If a standard (in Europe and a large part of the world except North America and Japan) three-phase 400V AC (three lines having 230V RMS voltage if measured to neutral each) mains supply is rectified with a standard 6-diode rectifier like this:


Three-phase, full-wave bridge rectifier circuit


What DC voltage value will come out of the rectifier? How to calculate it having the RMS AC source voltage given?


Are there any other ways to wire diodes to get a different voltage (without using any transformers or anything else then just diodes), what are they and what DC voltage will come out then?




Answer



If you measure across the load shown in your figure, the peak voltage will be ~565V; the DC voltage will depend on your load and filtering as others have noted.


If you measure from the + of the load in your figure to the neutral of your AC supply, the peak voltage will be ~325V. If you hook up a load like that, you aren't actually using a full-wave rectifier.

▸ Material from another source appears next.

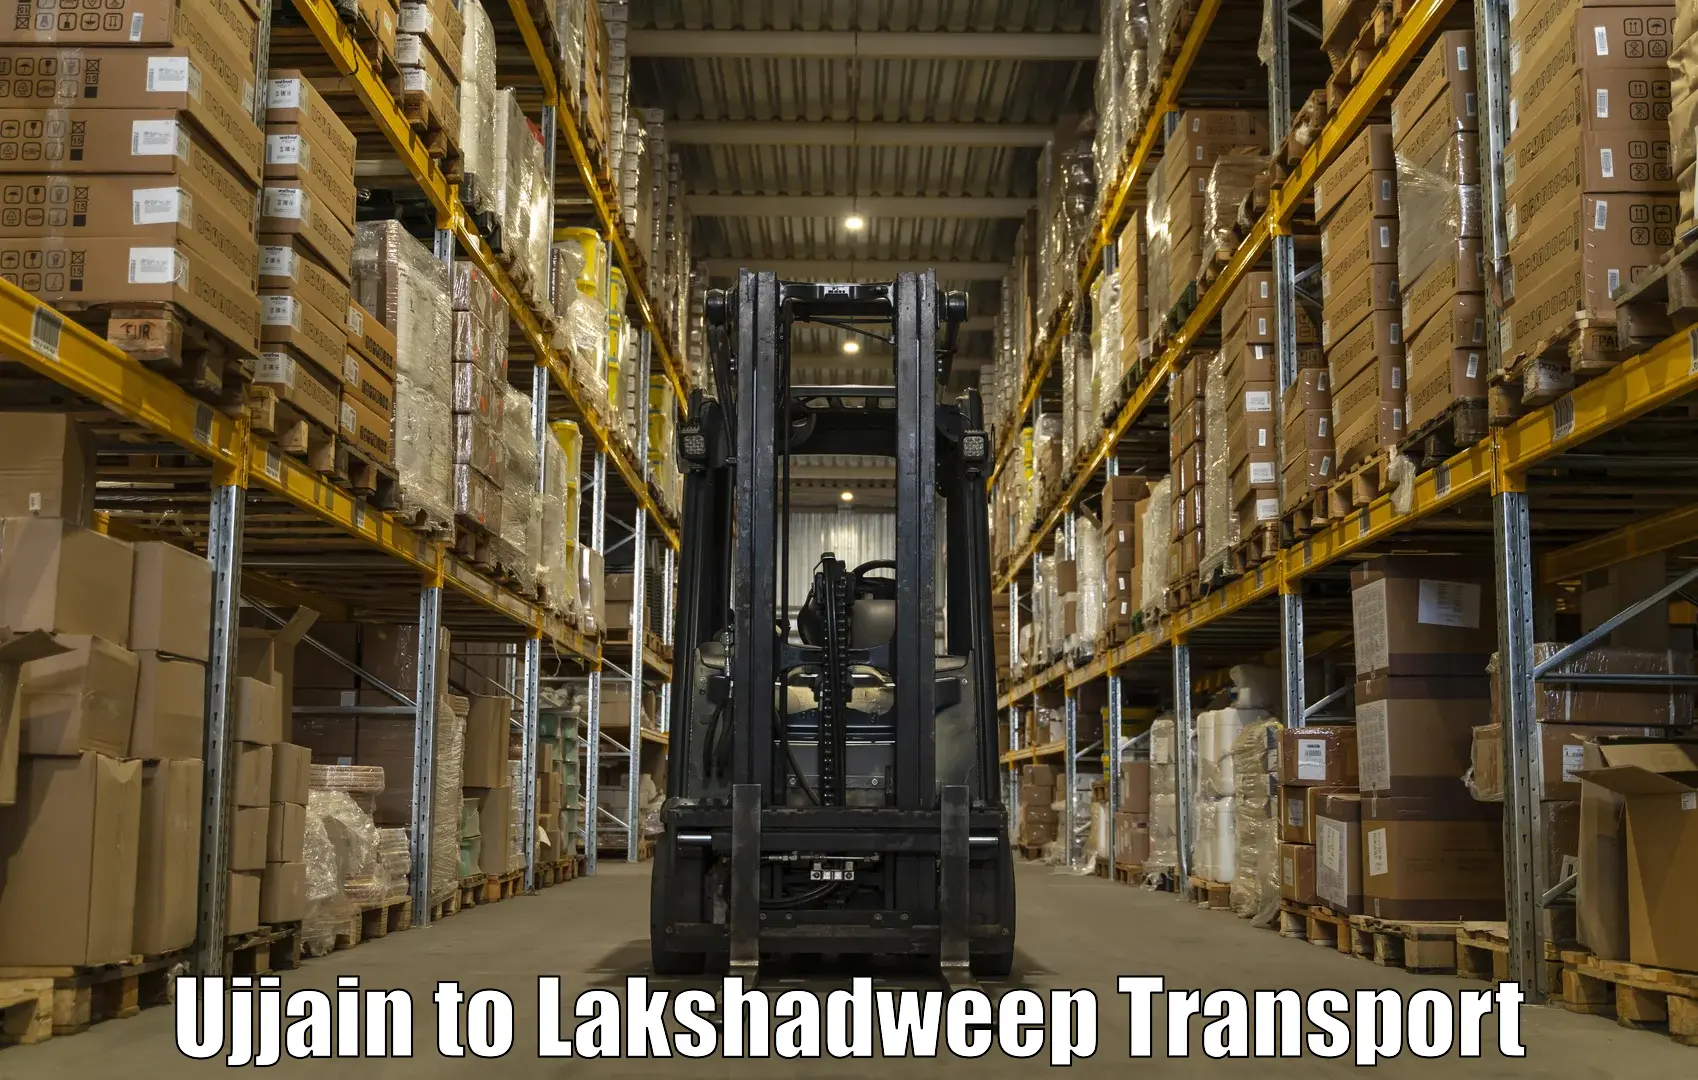 Cycle transportation service Ujjain to Lakshadweep

The simplest way to get 565V is to start from 400V and apply the standard \$\sqrt{2}\$ scaling from \$V_{rms}\$ to \$V_{p-p}\$. However, starting from 400V is skipping part of the calculation. The more thorough way to derive 565V is to calculate it as:


$$(325 \text{V}) * \max_{\theta} \left\{ \sin (\theta + \frac{2 \pi}{3}) - \sin (\theta) \right\}$$


The expression is maximized when \$\theta\$ is \$\frac{5 \pi}{3}\$, and the maximum value is \$325 \sqrt{3} = 563\$.


There is a detailed analysis including some java applets here.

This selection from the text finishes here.